**Given information:**
==============================
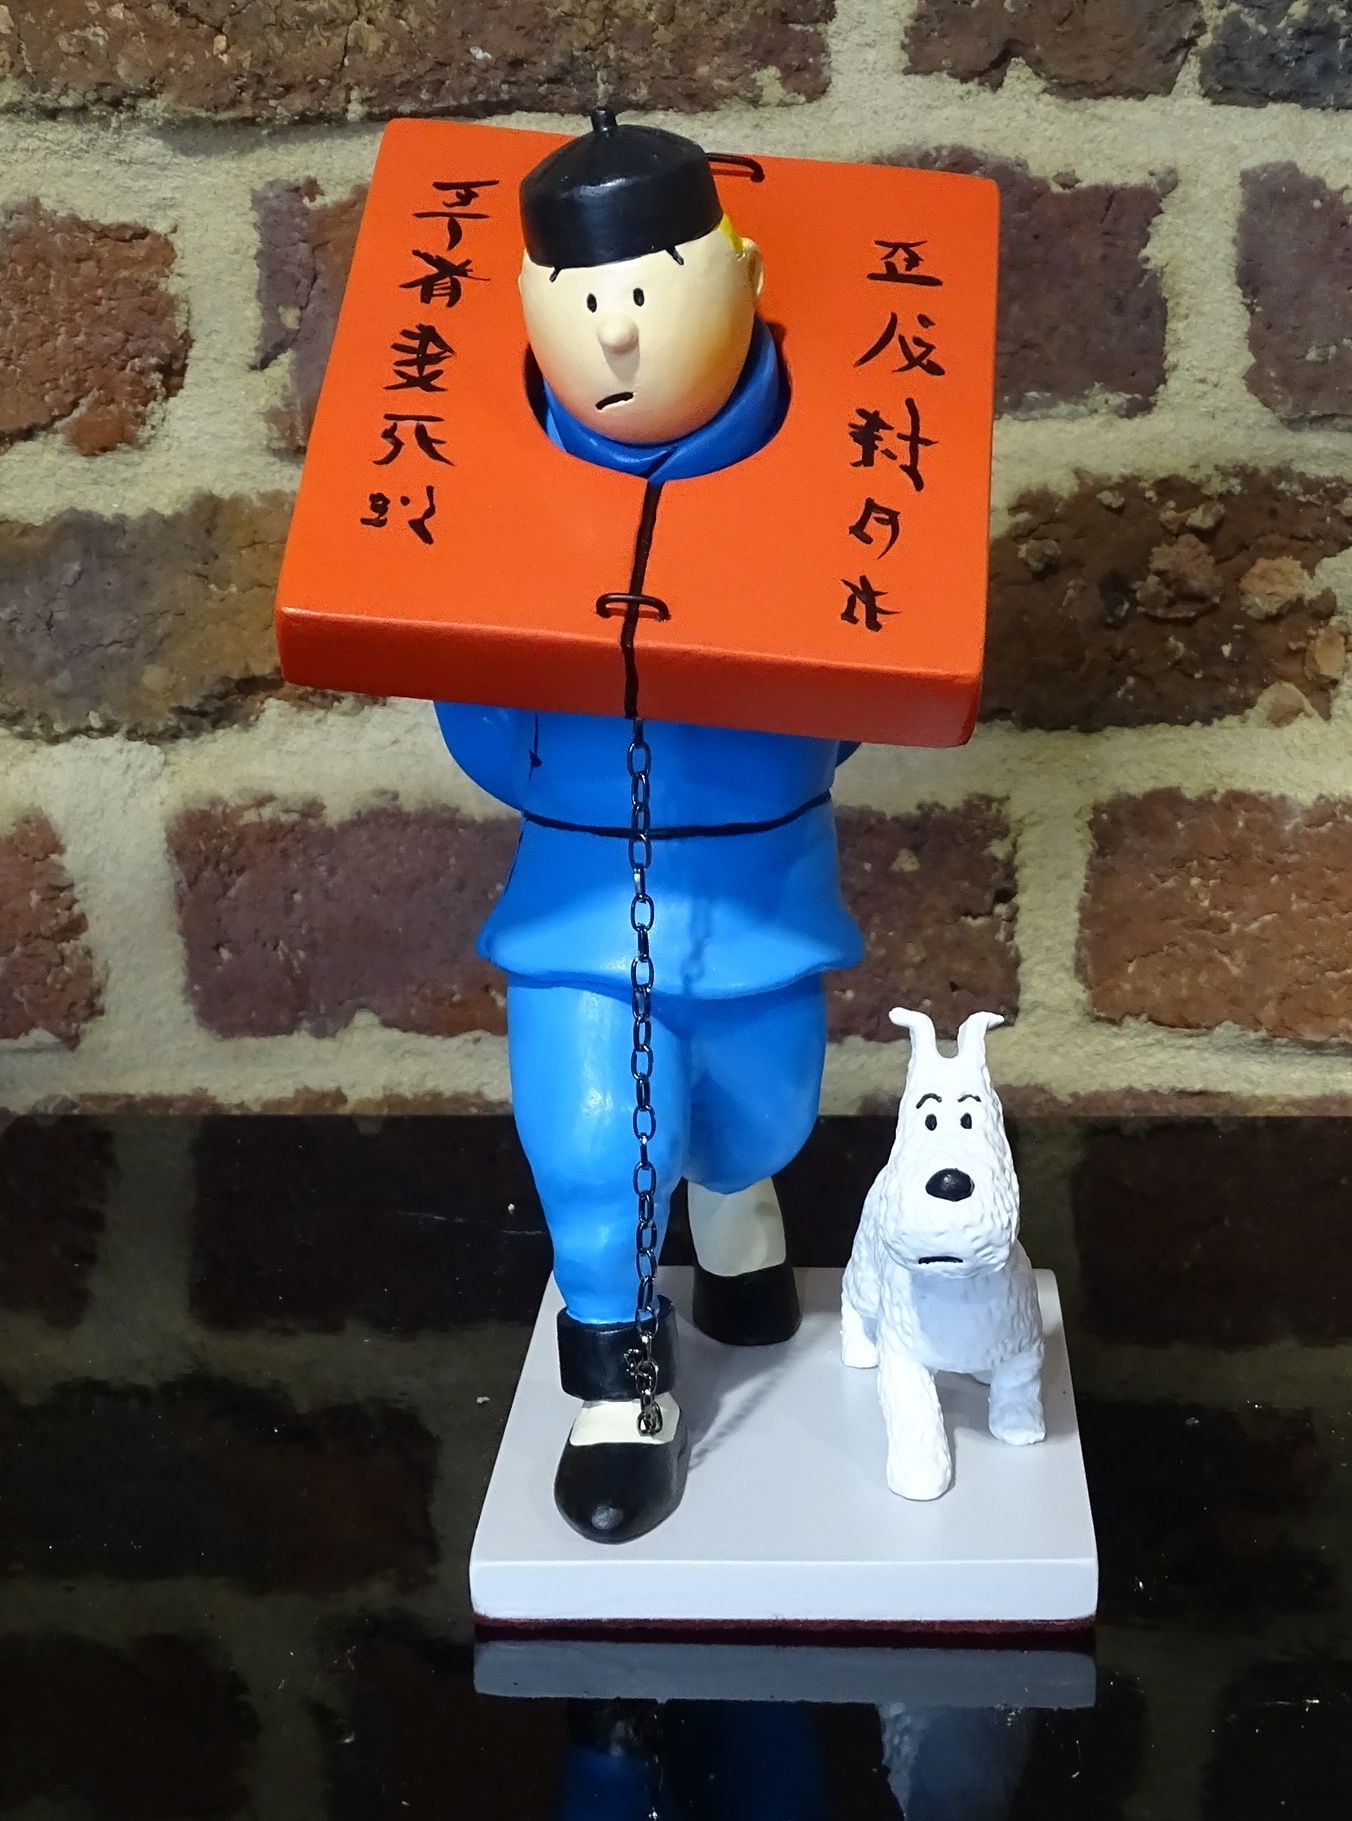 Tintin & Hergé 
Statuette Tintin in captivity of the Blue Lotus, height 25cm.
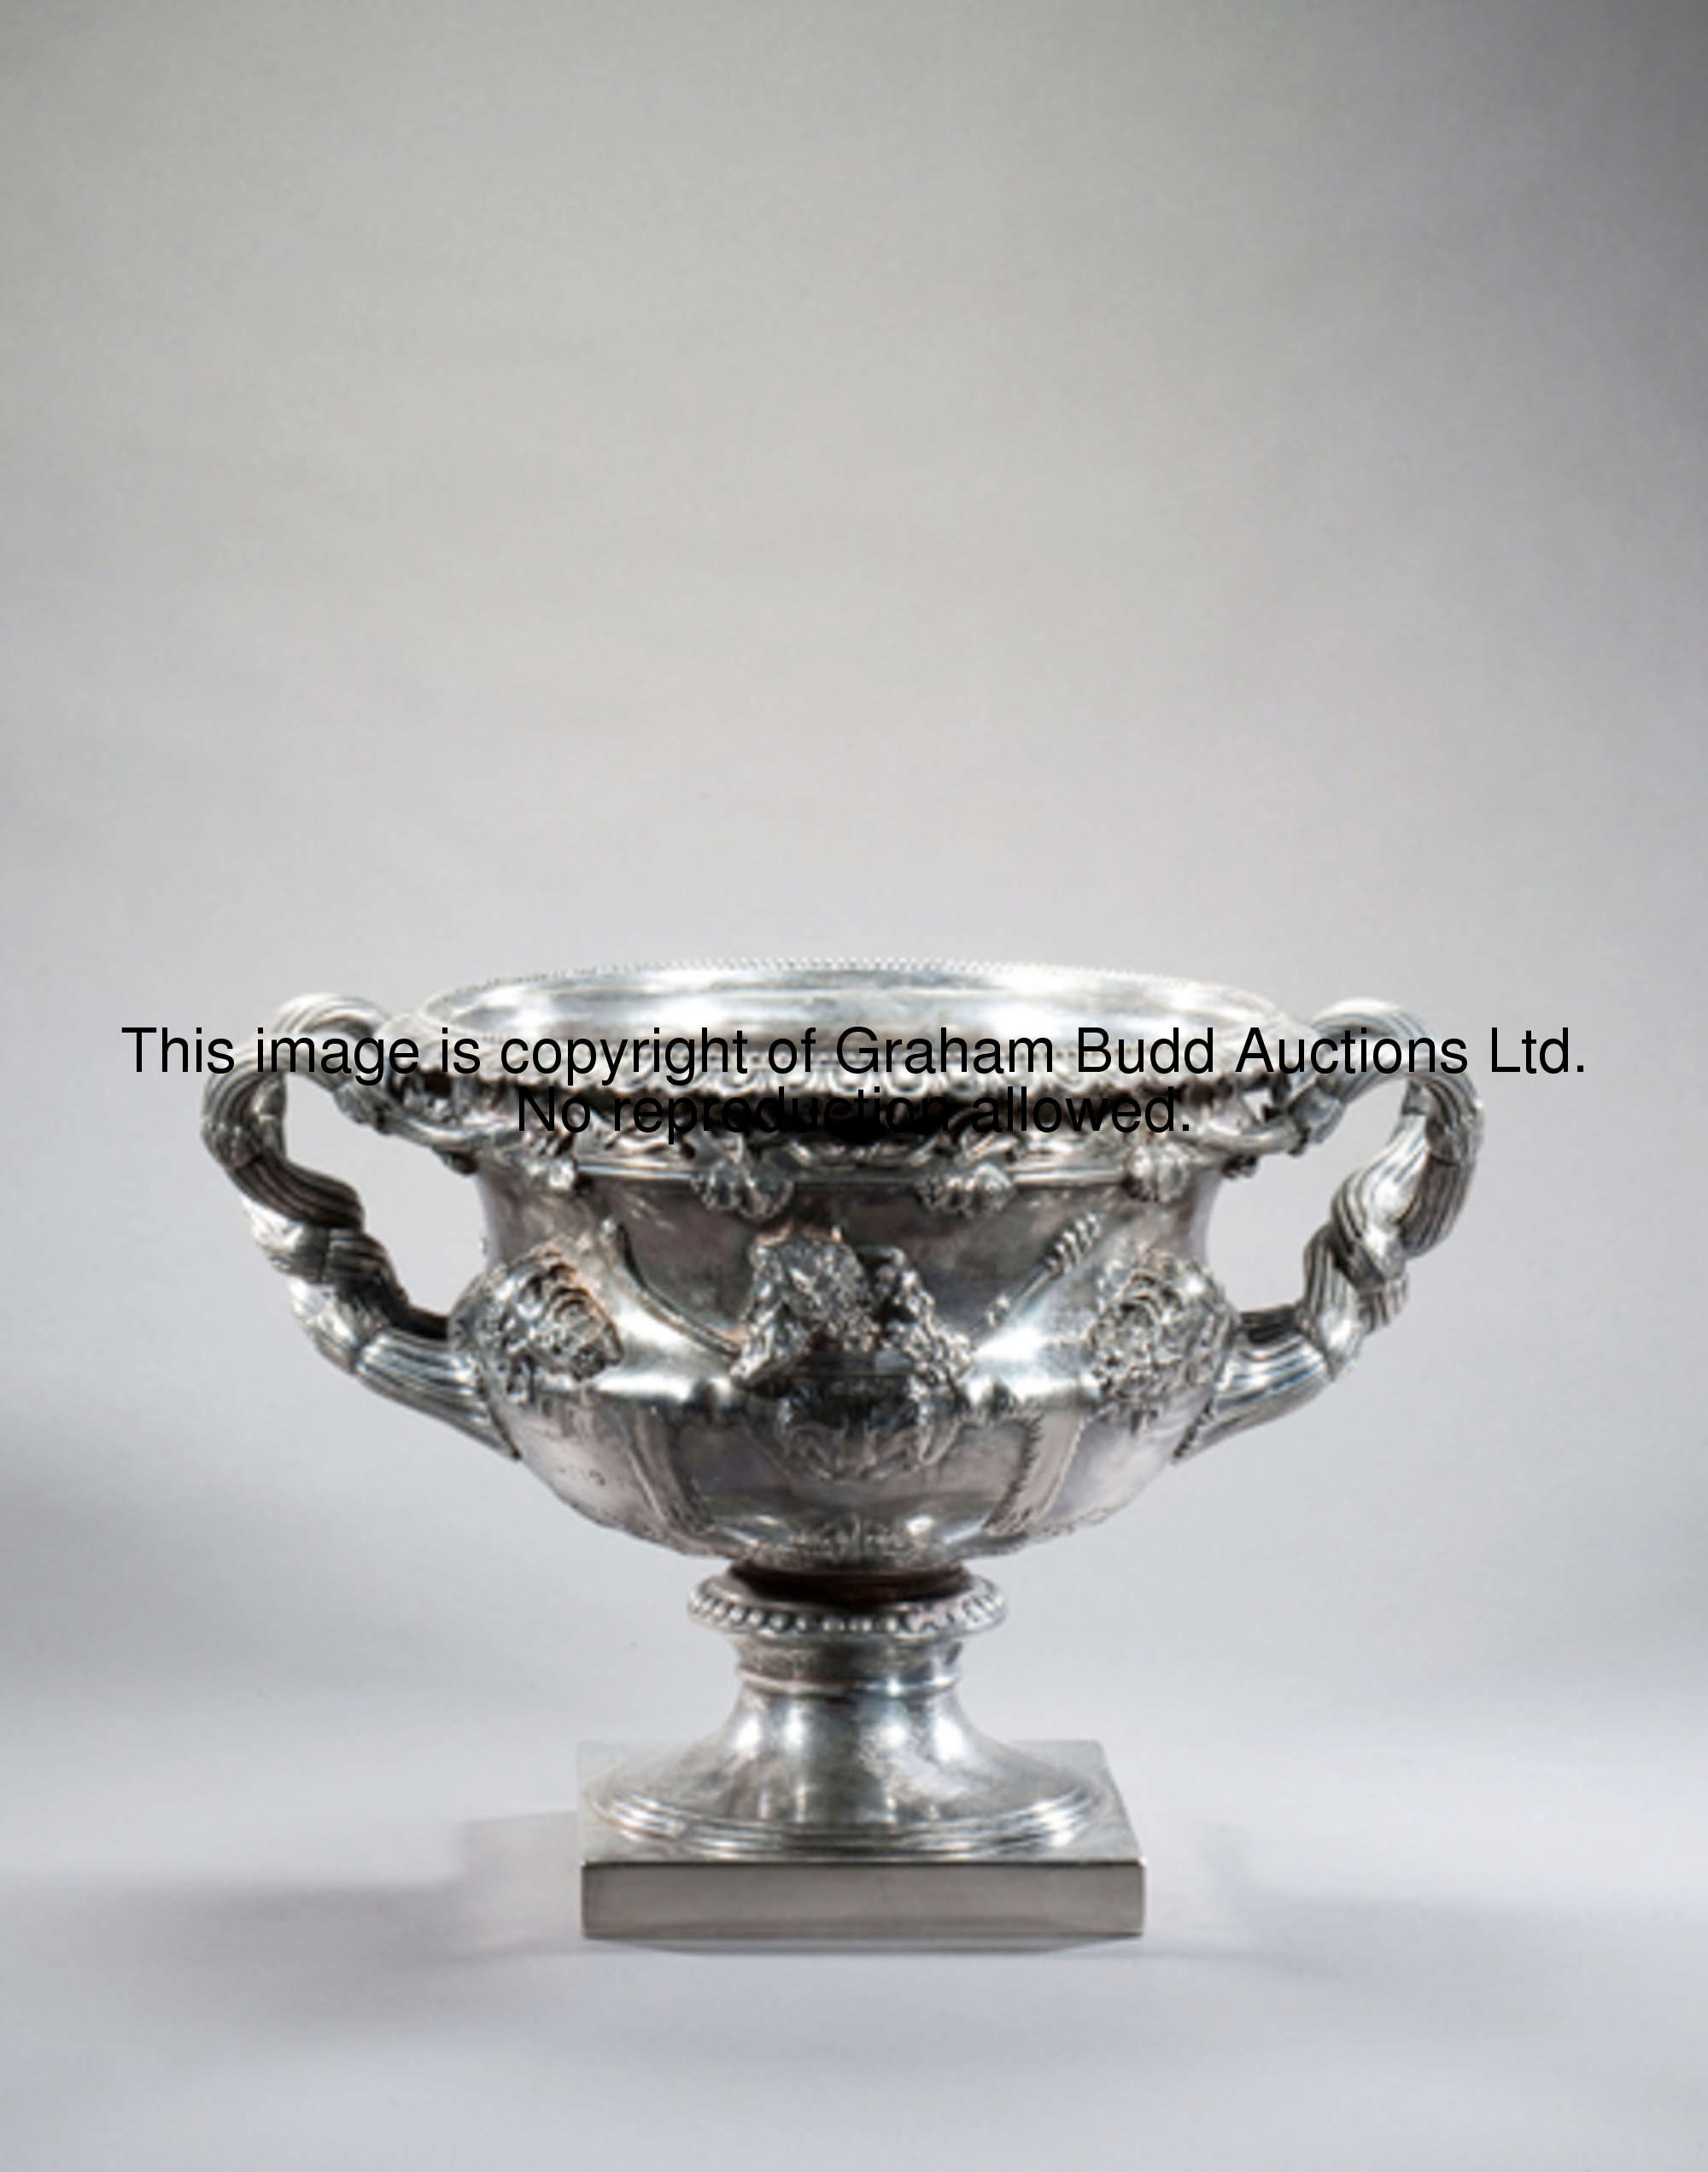 The trophy for the 1958 Imperial Cup Hurdle, in the form of a silver replica after the antique of th...
==============================
**What to do:** What the task needs is the material above repeated exactly, pictures excepted.

**Output below:**
 Tintin & Hergé 
Statuette Tintin in captivity of the Blue Lotus, height 25cm.
 The trophy for the 1958 Imperial Cup Hurdle, in the form of a silver replica after the antique of th...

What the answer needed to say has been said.